Sunday, June 26, 2005

all the wrong reasons...

i suppose the real reason that i haven't made any progress towards identifying as trans, is that i honestly believe that i can go on living the rest of my life as a woman, and though uncomfortable at times, the need to be a man isn't as overwhelming as it is to some people who are already on the path to manhood. maybe i am trans, though, and this matter of fact lumps me in with the gay men (or women) of the world who are married to women (or men) because of their jobs, or unsupportive families, or religions, or culture, or location, etc. people who can go their whole lives with a feeling of complacency because things "aren't so bad the way they are." or they aren't so bad compared to what they could be if they took the chance to fulfill all of their internal needs, regardless of consequences. when does the need to fulfill yourself outweigh the consequences... especially when the consequences could be from alienating your family, to losing your job, to (in a tranny case), not being able to show your children your baby pictures with you as a different gender. whenever i think about it that way, the thought of transitioning, or even self-identifying and acknowledging my feelings, makes me fearful and lumps me into the "well, things aren't so bad they way they are" boat with all of the hetero-married gay men and women of the world.

on the flip side, what happens when transitioning loses some of those consequences, and actually becomes more attractive than my current lesbian status? what if, with the prospect of moving to a homophobic southern state, being a transman (seen as a straight man by rednecks and families with small children) would make my life easier than to be seen as a butch lesbian roaming the moral streets of a southern town with my wife. would i be prepared to deal with the ignorance of the check-out lady sir-ing me while i'm identifying as a woman. can i snuggle up with my wife on the beach without scaring the tourists, making a scene with my blatant homosexuality? right now, living in a liberal town, working at a gay-friendly place, where wandering around being a big, butch lesbian isn't a rare sight, sure - things aren't so bad. but what happens when the atmosphere changes? when it's a more conservative town, where we'd be the only obviously gay women wandering around holding hands. or worse yet, sending our children to school with lesbian parents, preparing then to get ridiculed and beat-up because of us. wouldn't it be "not as bad" to transition, give our kids a mom and a dad, and be able to have all those male privileges? the lesbian activist in me (who isn't very vocal) says i need to stay a lesbian and stick it out for the sake of moving the gay culture forward. the transman in me says, not at the risk of getting myself, my wife, of my children hurt. when did the pros and cons list get so neck and neck?

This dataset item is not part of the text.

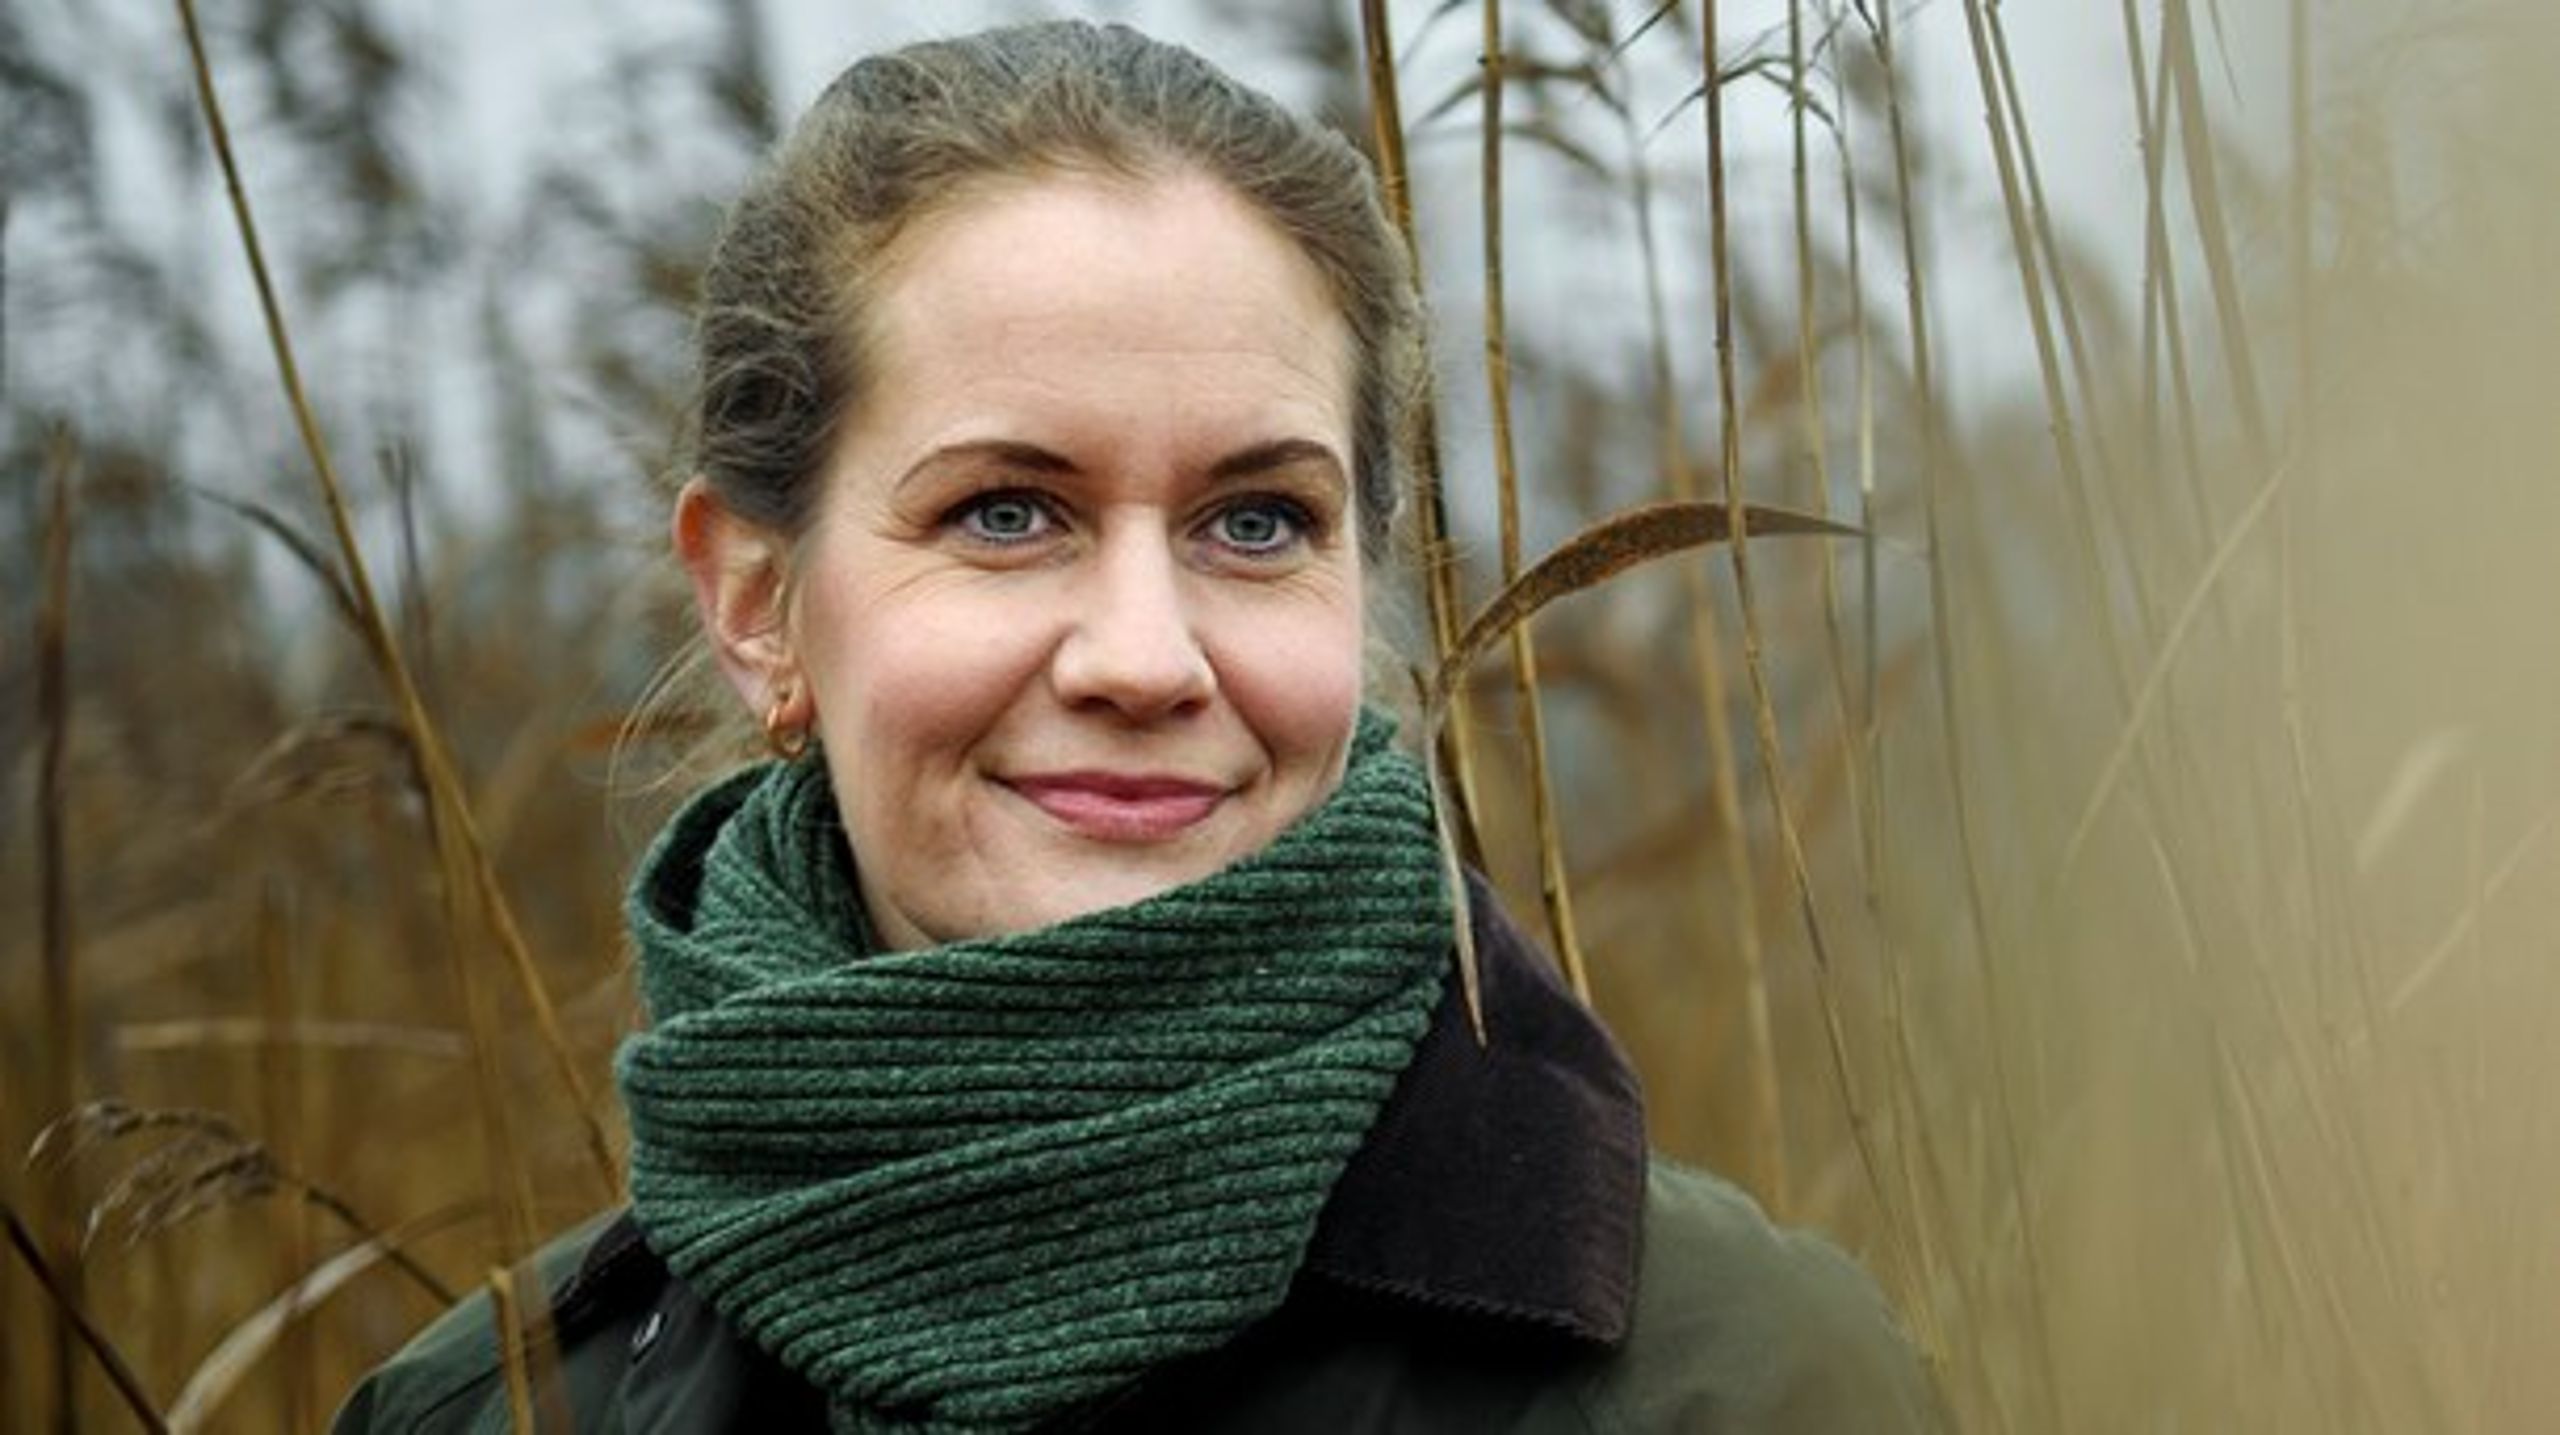 2019 gav os Danmarkshistoriens grønneste valg, og i 2020 skal valgkampens grønne løfter indfries, mener Maria Reumert Gjerding.

i suppose the right answer is the whole "be true to yourself" refrain. i suppose that would be easier if myself didn't change seemingly all the time. if i felt i could sort it all out in a vacuum and not always take everything, everyone, and every situation into consideration, i wouldn't sway so often, so broadly, so dramatically. i suppose this struggle is much easier when you're 18, already the black sheep of your family for coming out as gay, with a university glbta group counseling and supporting you, and a non-serious relationship with a girl who's a former straight/now femme lesbian that you've only been dating for a few months, and thinks transguys are "hot." what happens, though, when you've been a lesbian for ten years, and can't imagine starting now to transition into something that could possibly be.. well, for all the wrong reasons.. leaving what's "not so bad" behind for the unknown.